We attach our fork of the Depthcharge package as a submodule. Therefore, this repository needs to be recursively cloned:
git clone --recursive git@github.com:statisticalbiotechnology/pairwise.git
cd pairwise
-
Create environment:
conda env create -f environment.ymlconda activate pairwise_env -
Install local Depthcharge
conda activate pairwise_envcd depthchargepython -m pip install .

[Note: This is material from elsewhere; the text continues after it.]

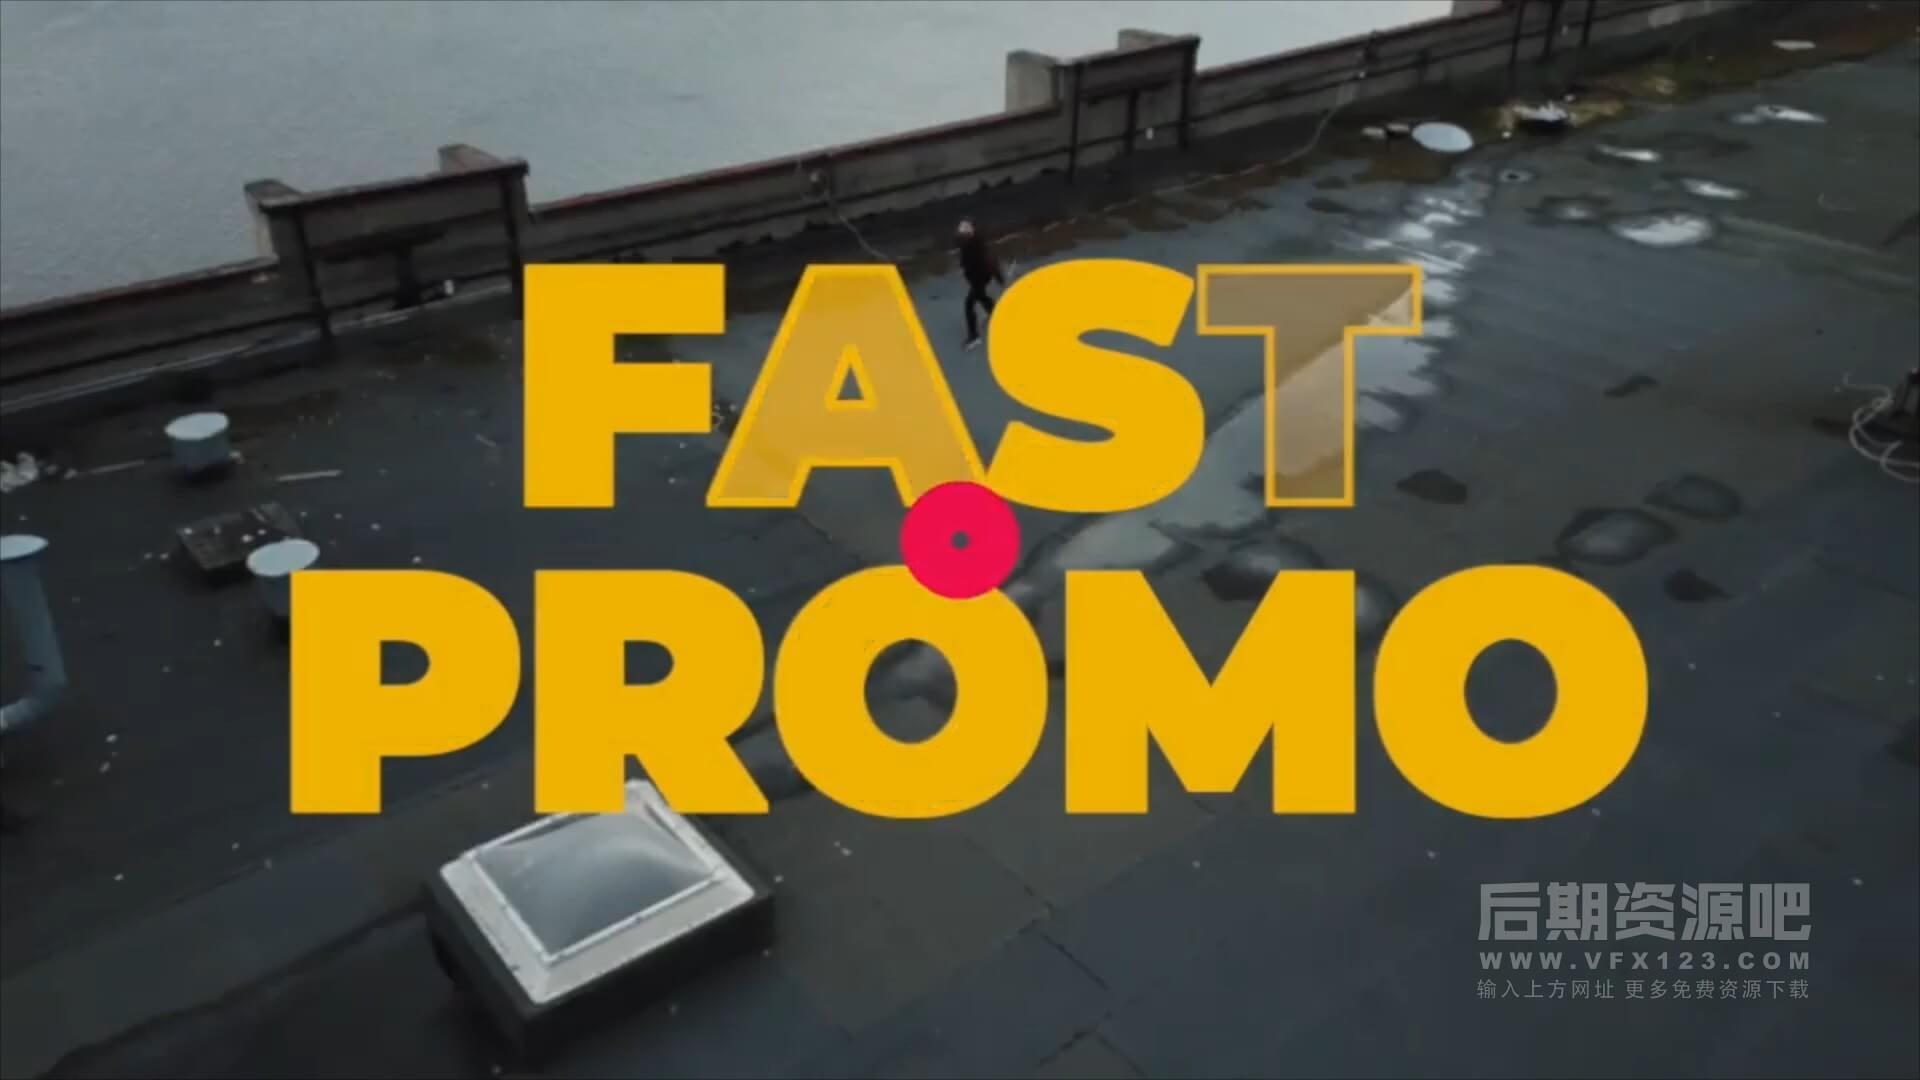 fcpx主题模板 快闪图片动画LOGO徽标展示片头 Super Fast Promo

We utilize Pytorch Lightning. We define the models in src/models/, and wrap them with Lightning modules that contain the training code. The training wrappers are found in src/pl_wrappers.py.
A number of callbacks such as for annealing the LR and temperature are found in src/pl_callbacks.py. They can be toggeled by providing the corresponding argument, i.e. --anneal_lr=True.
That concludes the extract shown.